There is no glory in getting it right. It’s all about taking on the challenge and stepping up to the yeah, I’m ready to shift stuff and it’s kind of going to suck for a while point.
- Havi Brooks

So on the topic of blocks standing between me and Shiva Nata for the past few months: there have been some. As in, the understatement of the year. :) The process of becoming aware of those blocks is still pretty much under way, so I’ll try to nudge out some understanding – and maybe some attempt at letting me be exactly where I am with the blocks. So here goes.

The whole concept of doing it right

This block has two sides to it in my head.

During the past few months, there have been quite a lot of changes going on with my life. What with finishing my teacher training, moving to a new house, my parents moving to a new house, getting married and changing my name, as well as starting a new job…

Suffice to say there has been a lot of what-the-heck-is-happening -ness in my life. In those moments, I crave security and comfort. I don’t necessarily crave to be challenged even further. And I don’t need extra helpings of getting something wrong again and again.

Which is a bummer, since that’s pretty much Shiva Nata, right there. My brain knows doing the Dance would help me cope with the insecurity.

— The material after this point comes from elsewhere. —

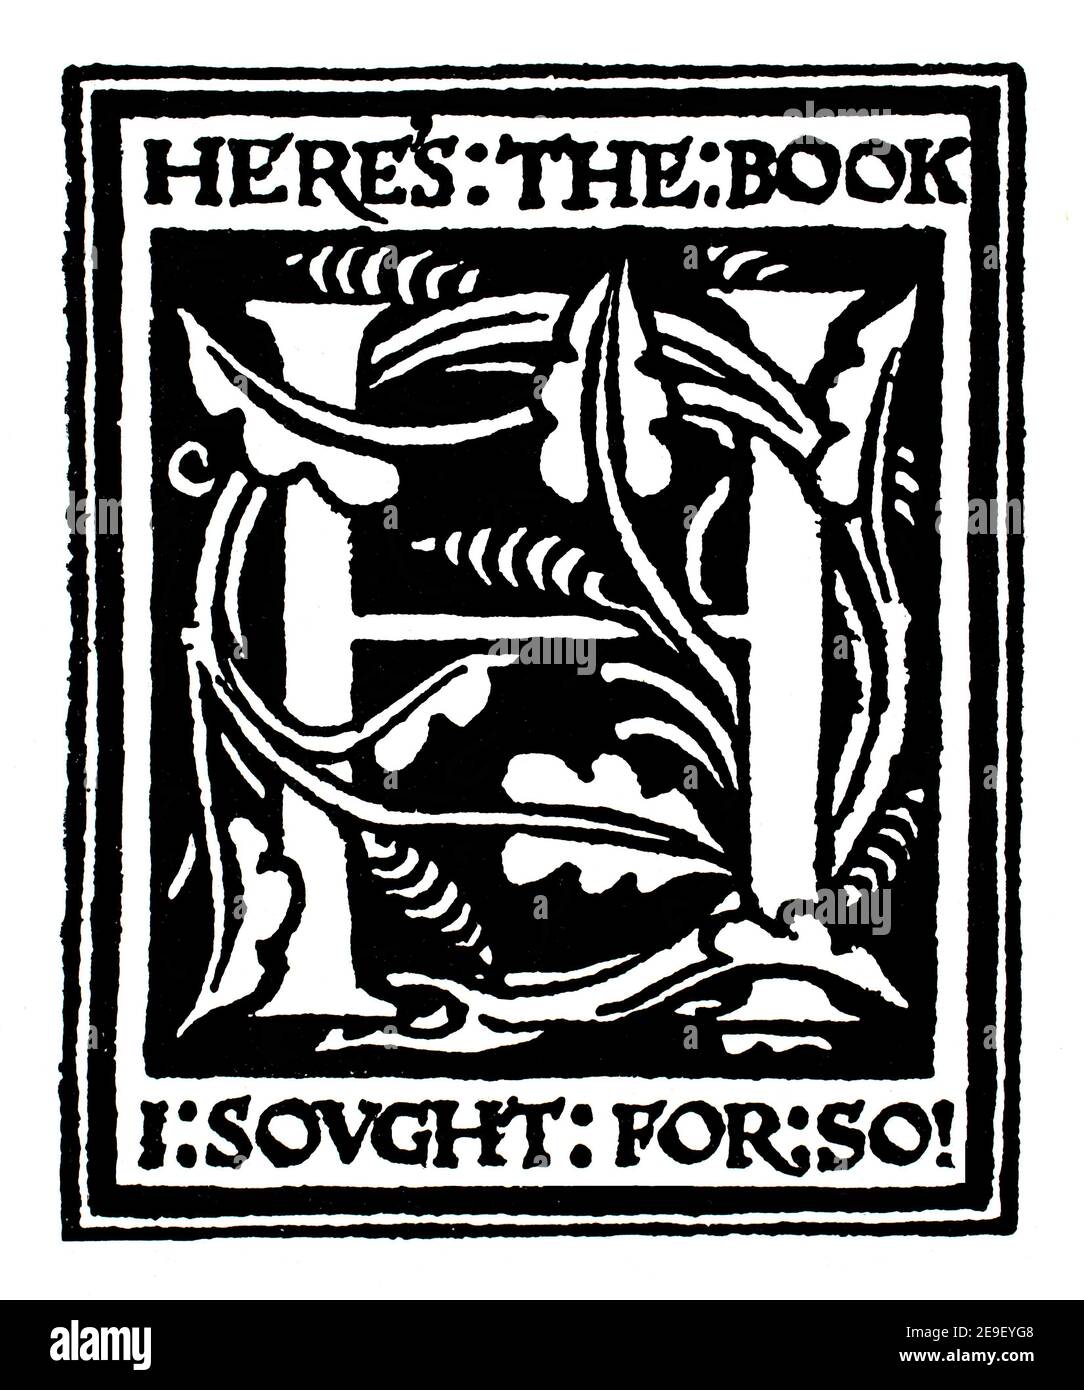 Hier ist das Buch, das ich suchte so, Exlibris-Linienillustration von Herbert P Horne, in 1893 Band 1 des Studios an Illustrated Magazine of Fine and A Stockfoto

It would help me to be present in the moment and to accept not being in control all the time. My gut, though, won’t have any of it.

So now, if I do Shiva Nata, I do the familiar levels to de-fuzz my brain or to reinvigorate my shoulders. I’m not even looking towards advancing along level 4, because I get an instant reaction of “auugh, I don’t wanna!!!” when I think of pushing myself in that direction.

And that’s the other side of the block.

I feel I’m totally not doing the concept of Shiva Nata justice by “just” doing what I know. There’s this big sign hanging on top of my head:

You’re doing Shiva Nata for the wrong reasons!!

(warning: the following paragraph will contain several instances of the sh-word.)

I mean, I should be after all those juicy, delicious epiphanies and hot buttered insights, shouldn’t I? I should have the drive to advance onwards, to get deliciously mixed up, to crave being in the zone? Shiva Nata should be my secret weapon in getting through the daily grind of always having to think, create, come up with solutions, right?

It’s just that now, in this stage of my existence, all that just gives me the aforementioned “auuugh” -reaction. That used to be the reality of my relationship with Shiva Nata. That reality has shifted, and I’ll have to create a new relationship with the Dance.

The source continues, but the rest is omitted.